California community colleges are turning to housing as a way to increase enrollment and improve graduation rates. Community college housing on campus isn’t anything new for rural community colleges, but California’s housing plan involves a $5.3B investment by the Los Angeles Community College District.
The argument for the investment in housing is to address student homelessness, primarily in Southern California. But providing housing comes with huge, ongoing costs that most community college students aren’t prepared to take on.
Beyond the cost of building a student housing facility, community colleges must address the ongoing maintenance associated with such buildings. Failure to address these maintenance issues in a timely way reduces the value (and life expectancy) of the building; raises student costs; and ultimately lowers the value of on-campus housing.
The availability of affordable housing in Southern California is not limited to its student population. It is simply hard to find housing there. According to Zillow, the median rent price for Los Angeles in June 2023 is $2,900 per month. If a renter plans to stick to the so-called 30% rule for housing costs, that person would need to gross $116,000 annually to afford the area’s median housing costs. (That’s not exactly in a community college student’s budget.)

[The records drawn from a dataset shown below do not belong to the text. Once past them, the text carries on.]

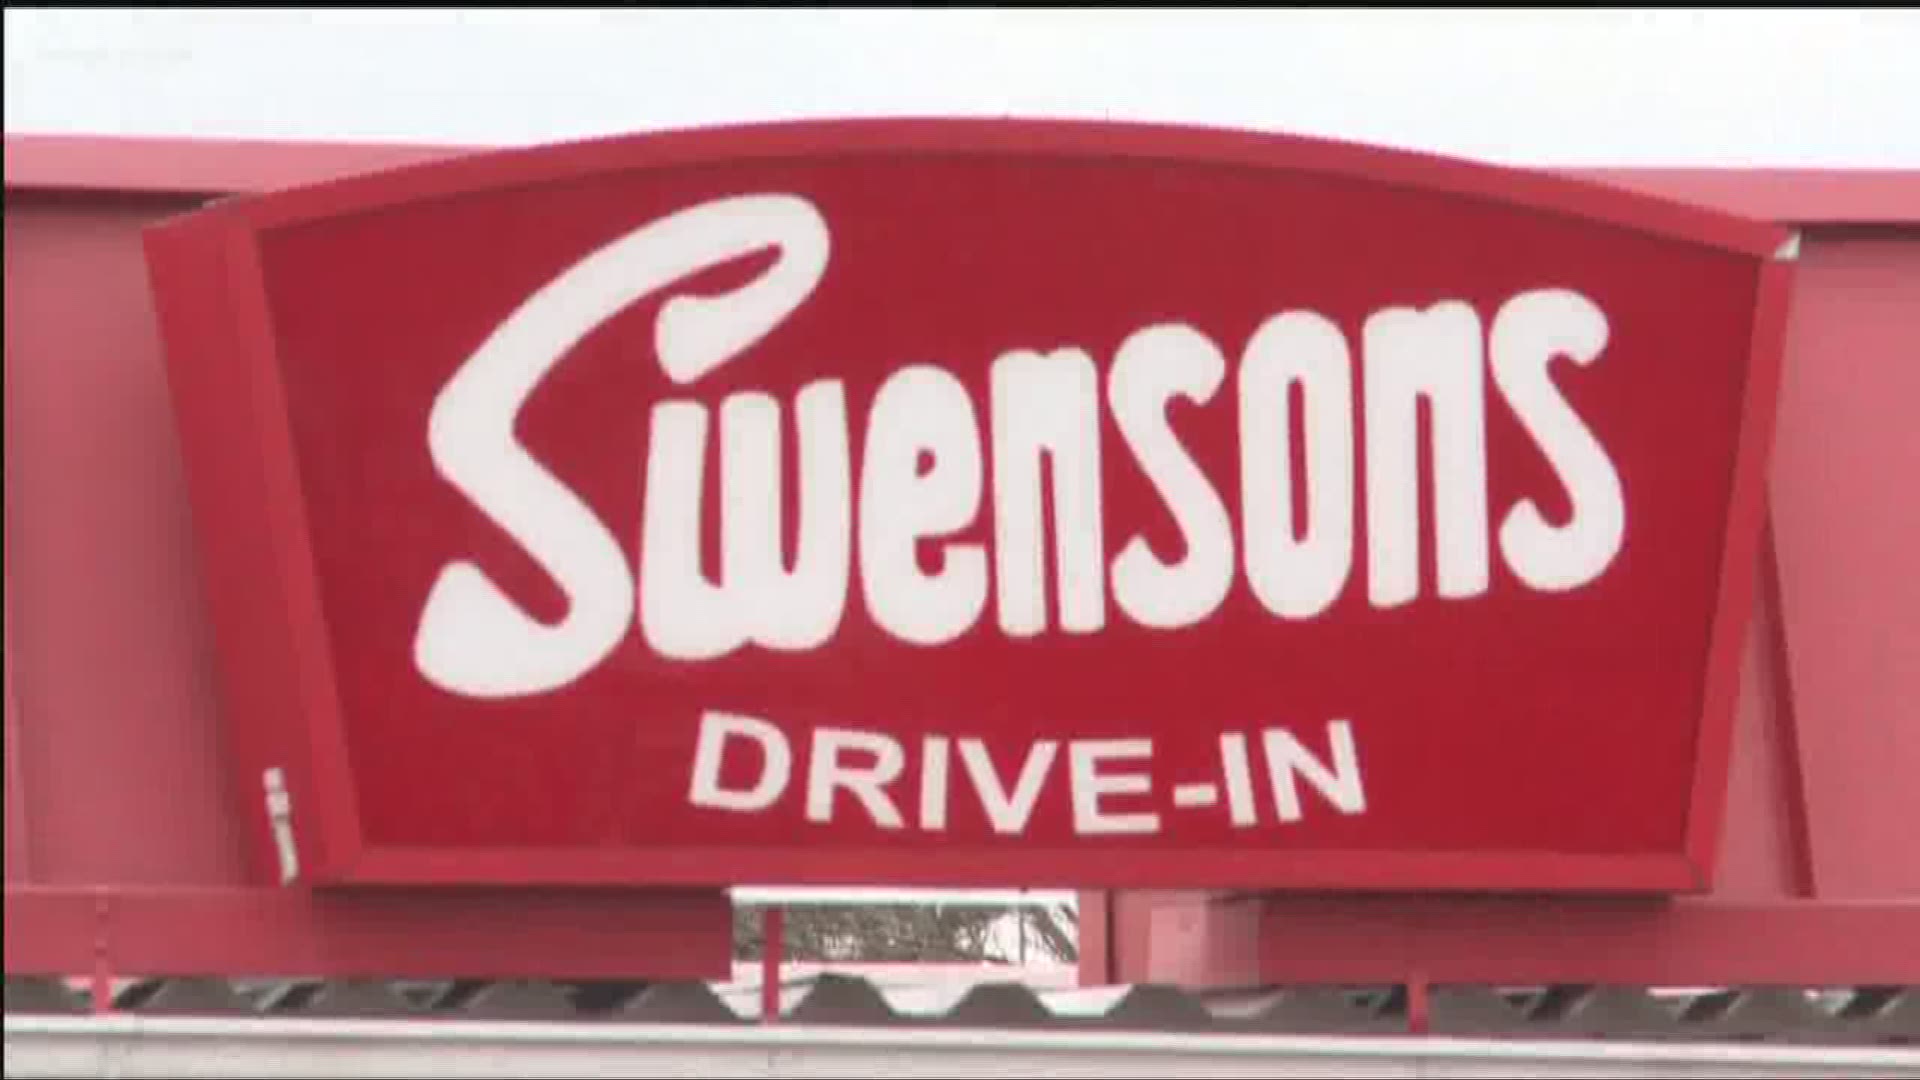 Aug. 5, 2019: Happy birthday, Swensons! The iconic burger joint is celebrating its 85th anniversary all week long. From Monday (Aug. 5) until Sunday (Aug. 11), the drive-in restaurants will be giving away $10 worth of gift coins to every 85th car at any of its locations. To be eligible, the driver must make a purchase, and the $10 gift coins can be used for any future purchase.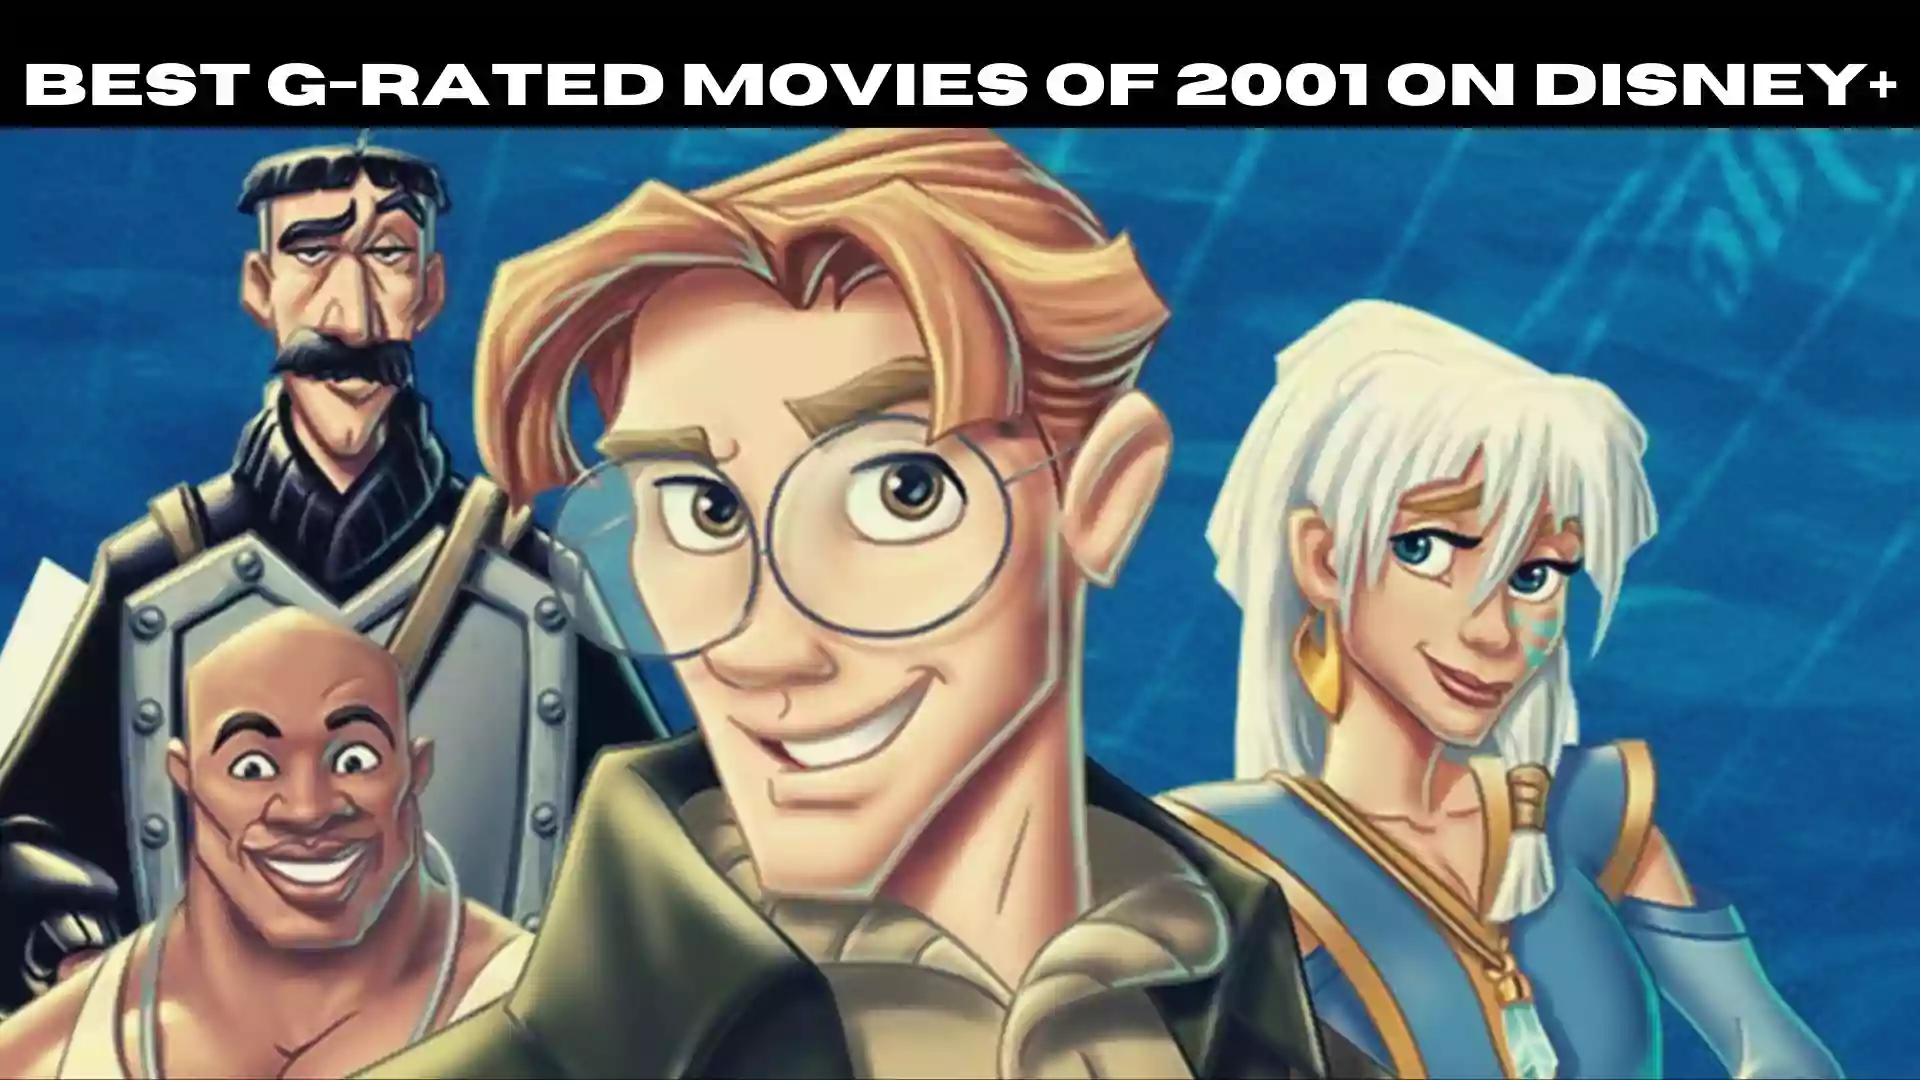 Best G-Rated Movies of 2001 on Disney+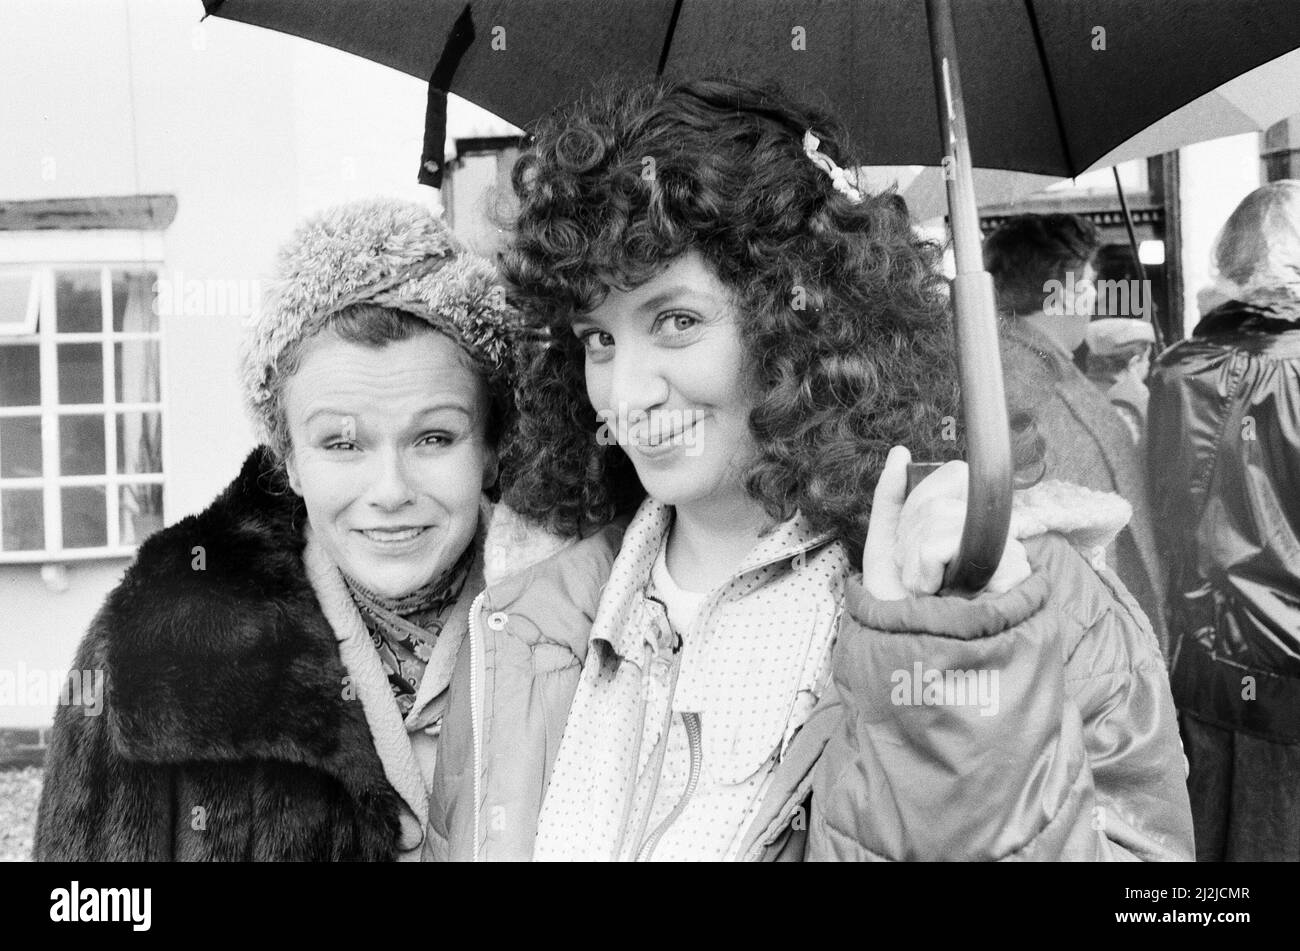 Victoria Wood As Seen on TV, television series, outdoor filming comedy sketches of Acorn Antiques, a spoof of a low budget soap opera, which appear in the show. June 1987. Pictured, Victoria Woods and Julie Walters. Stock Photo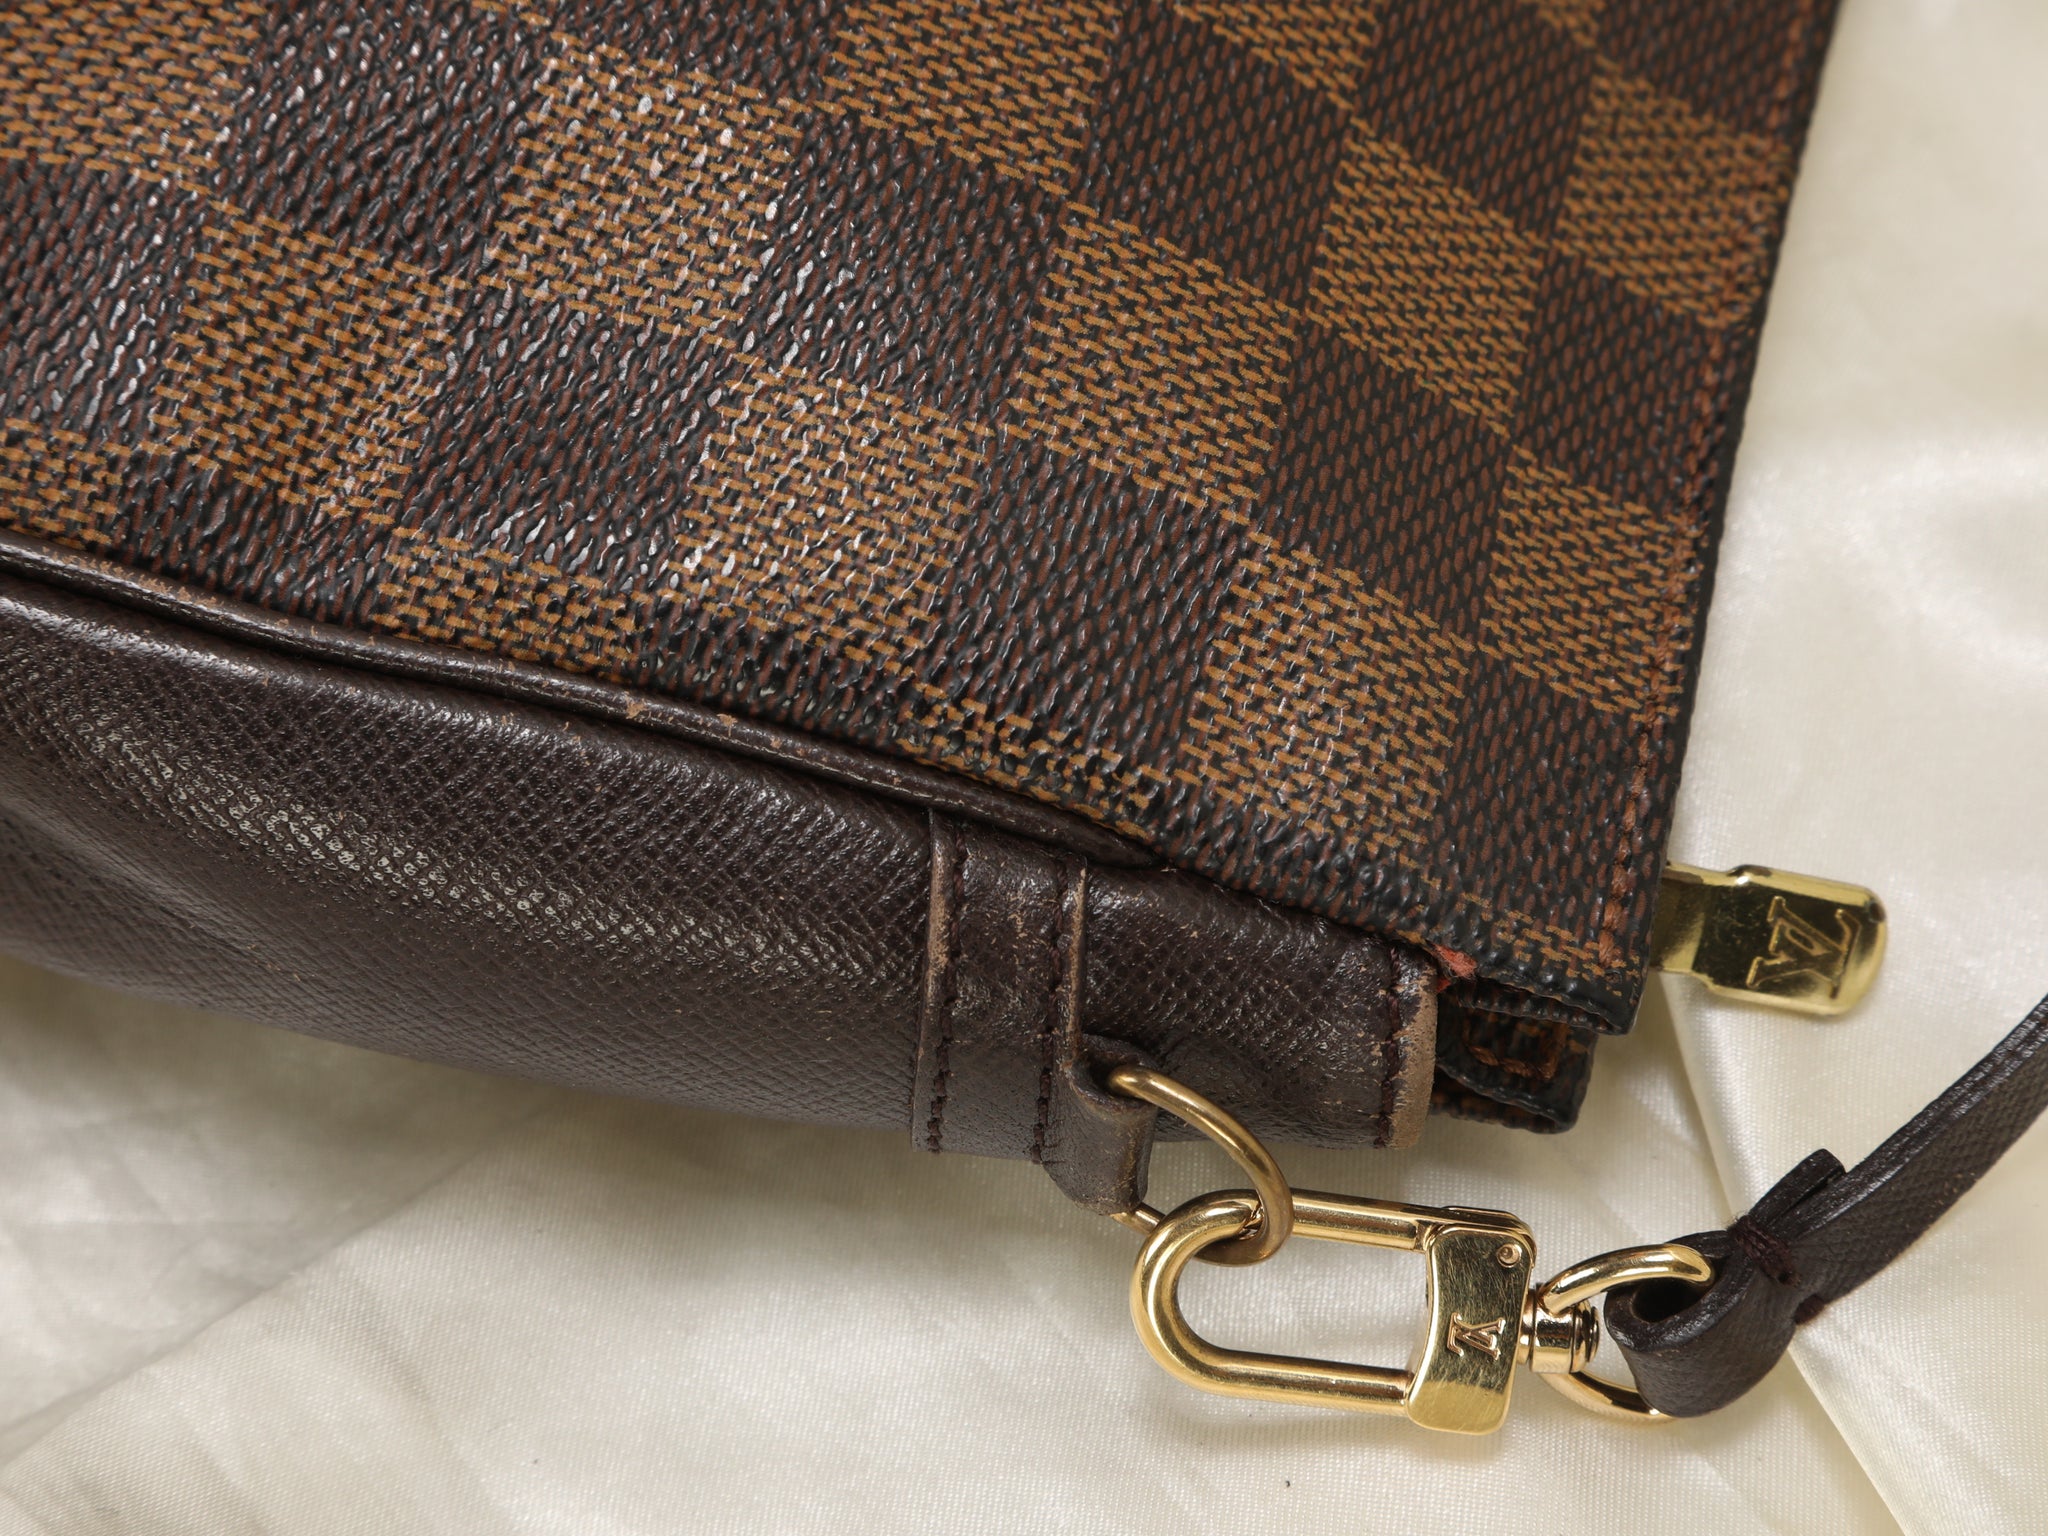 Félicie Pochette Damier Ebene Canvas - Wallets and Small Leather Goods

But living on campus isn’t much better. The average school-year housing contract can cost $10,000 or more, depending on the student’s meal plan, if meals are offered. That’s also not affordable by the typical community college student.
The high cost of building and maintaining campus housing will not likely be offset by the rental charges. So, all students will pay increased tuition costs to pay for construction and maintenance of student housing facilities.
Community college housing will simply increase everyone’s costs
Community college housing won’t be the answer for most urban and suburban community colleges. It will raise costs too high, not only for the student residents, but also for every other community college student who takes classes there. Housing maintenance costs will also place an undue financial burden on the college itself. As the housing facility ages, it will take up more of the institution’s budget, leaving less money for instruction or other vital student services.
Housing homeless students is admirable, but the community college isn’t a social service agency. There are agencies available with the budget, the personnel, and the funding to support homeless residents. Rather than providing community college housing – which will simply increase the cost of attendance for all students – community colleges should partner with local social service agencies to provide housing, food, and other basic services to students on campus.